We will investigate exactly how this dataset was iterated on and improved later in Section 2.

In [None]:
# Load and reference dataset variations
improved_ames_data = pd.read_csv("datasets/improved_ames.csv")
cleanest_ames_data = pd.read_csv("datasets/best_ames.csv")

datasets = {
    "Ames data": ames_data,
    "Improved data": improved_ames_data,
    "Cleanest data": cleanest_ames_data
}

In [None]:
# Run model prediction and evaluation for all dataset variations
model = RandomForestRegressor()

for dataset_name, dataset in datasets.items():
    print(dataset_name)

    X_train, X_test, y_train, y_test = helpers.prepare_for_model_training(
        train_df=dataset,
        test_df=test_ames_data,
        target_column="SalePrice",
    )

    model.fit(X_train, y_train)
    y_pred = model.predict(X_test)

    print("  MAE:", mean_absolute_error(y_test, y_pred))
    print("  MAPE:", mean_absolute_percentage_error(y_test, y_pred), "\n")

Ames data
  MAE: 14273.317427821521
  MAPE: 0.08161069974835317 

Improved data
  MAE: 13612.328110236222
  MAPE: 0.07785682312099437 

Cleanest data
  MAE: 12828.048792650918
  MAPE: 0.07428364942784614 



You may see that your improved and cleanest datasets yielded better results using the default Random Forest model compared to the more advanced models above.
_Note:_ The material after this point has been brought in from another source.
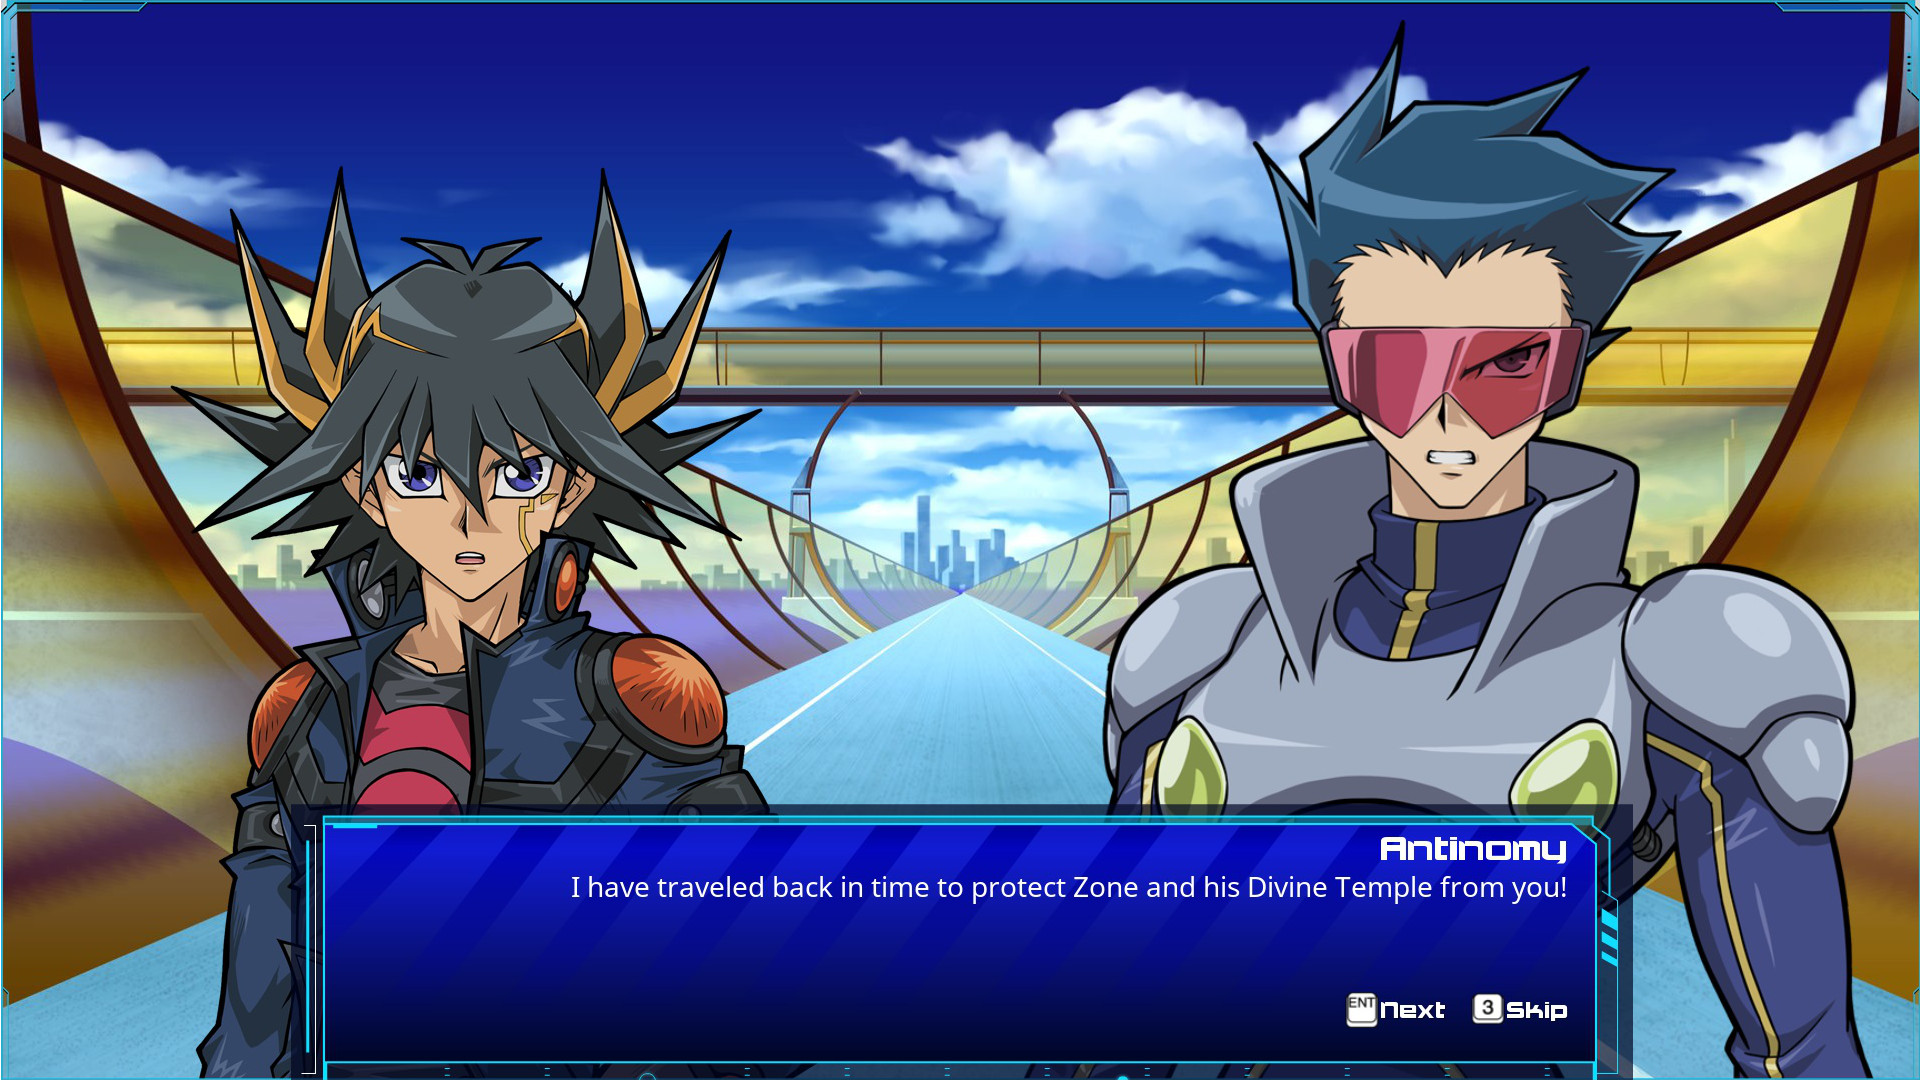 Yu-Gi-Oh! - 5D’s For the Future DLC Steam CD Key 1.04 $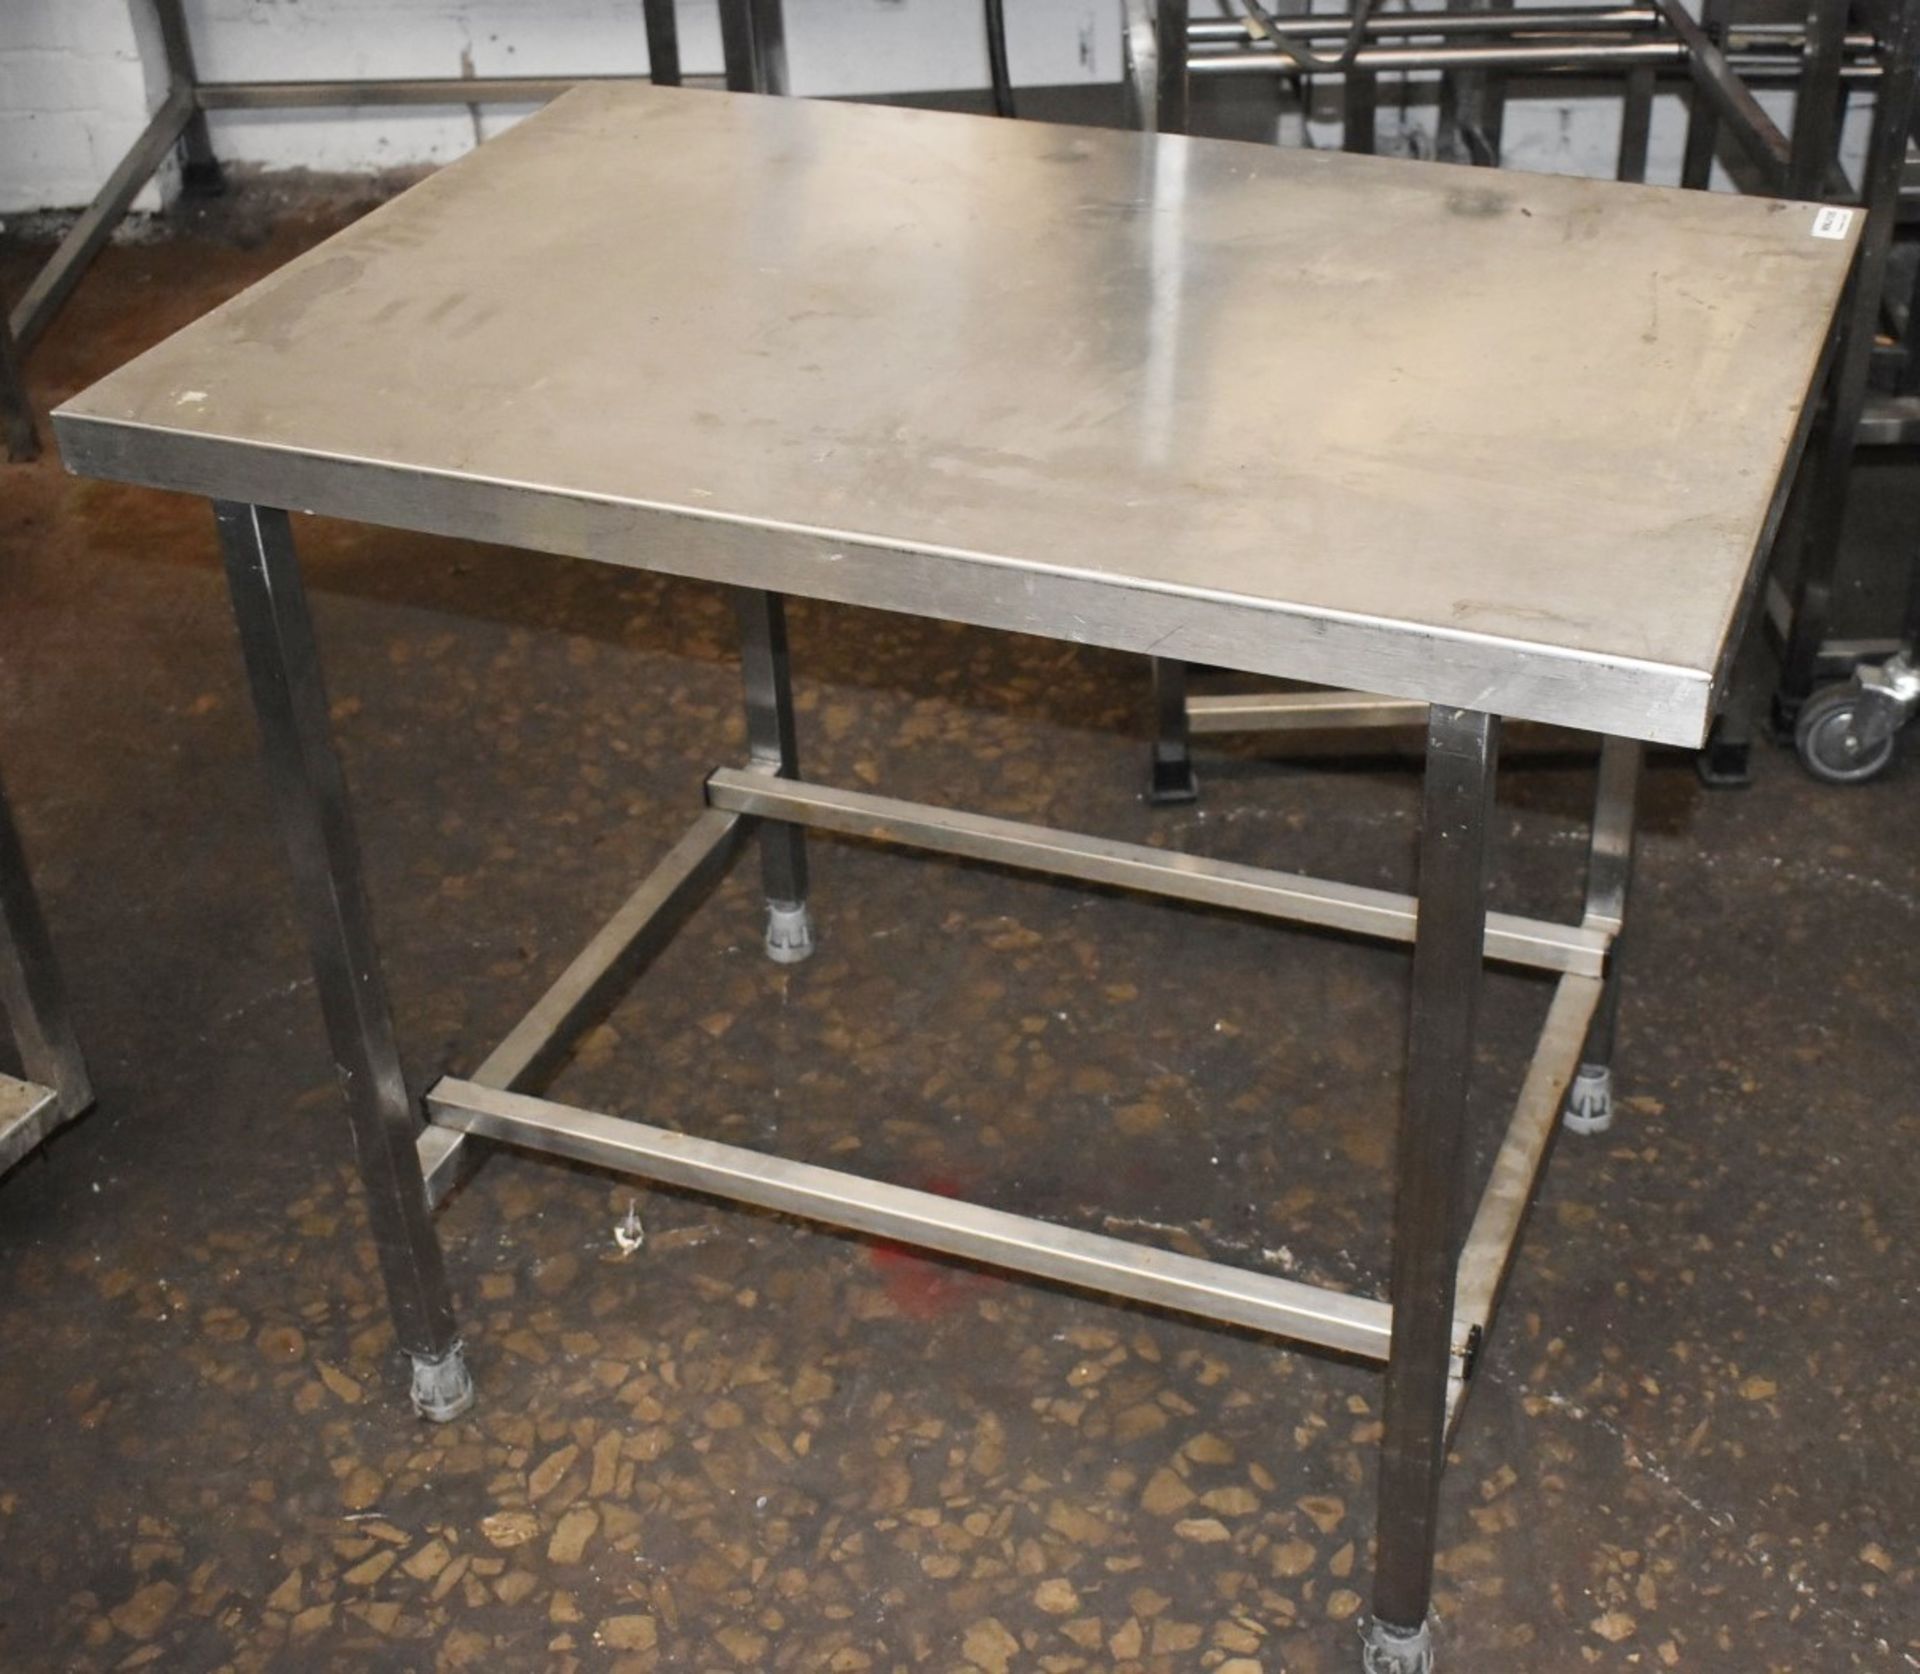 1 x Stainless Steel Prep Table - Size: H77 x W93 x D61 cms - CL675 - Ref: MMJ105 WH5 - Location: - Image 3 of 4

(However, this may not be the case due to the randomized nature of model fitting.)

# Section 2. Characterizing datasets and quality

We haven't yet tried to understand the features of the Ames dataset, which is an important thing to do *before* training a model. Let's do so now.

We will demonstrate several data quality issues found in the datasets by reverse engineering them -- exploring the variations of the Ames housing dataset introduced in Section 1.

## Profiling datasets and visualizing distribution drift

We'll start by profiling our datasets using whylogs. Profiles can be passed into a visualizer for informative charts about the data. We'll then use it to conveniently display the distribution drift.

In [None]:
why

In [None]:
# Log dataset profiles for original dataset and variations
ames_profile = why.log(ames_data).profile()
improved_ames_profile = why.log(improved_ames_data).profile()
cleanest_ames_profile = why.log(cleanest_ames_data).profile()

# Create visualizer and generate drift report
viz = NotebookProfileVisualizer()
viz.set_profiles(target_profile_view=improved_ames_profile.view(),
                 reference_profile_view=ames_profile.view())
viz.summary_drift_report()

⚠️ No session found. Call whylogs.init() to initialize a session and authenticate. See https://docs.whylabs.ai/docs/whylabs-whylogs-init for more information.


In [None]:
# Create visualizer and generate drift report
viz = NotebookProfileVisualizer()
viz.set_profiles(target_profile_view=cleanest_ames_profile.view(),
                 reference_profile_view=improved_ames_profile.view())
viz.summary_drift_report()

We can also show distribution comparisons for single features. This is helpful in investigating high drift features such as `Gr Liv Area`, the ground floor living area in square feet.

In [None]:
viz.distribution_chart(feature_name="Sale Condition")

In [None]:
viz.distribution_chart(feature_name="MS Zoning")

In [None]:
viz.distribution_chart(feature_name="Sale Condition")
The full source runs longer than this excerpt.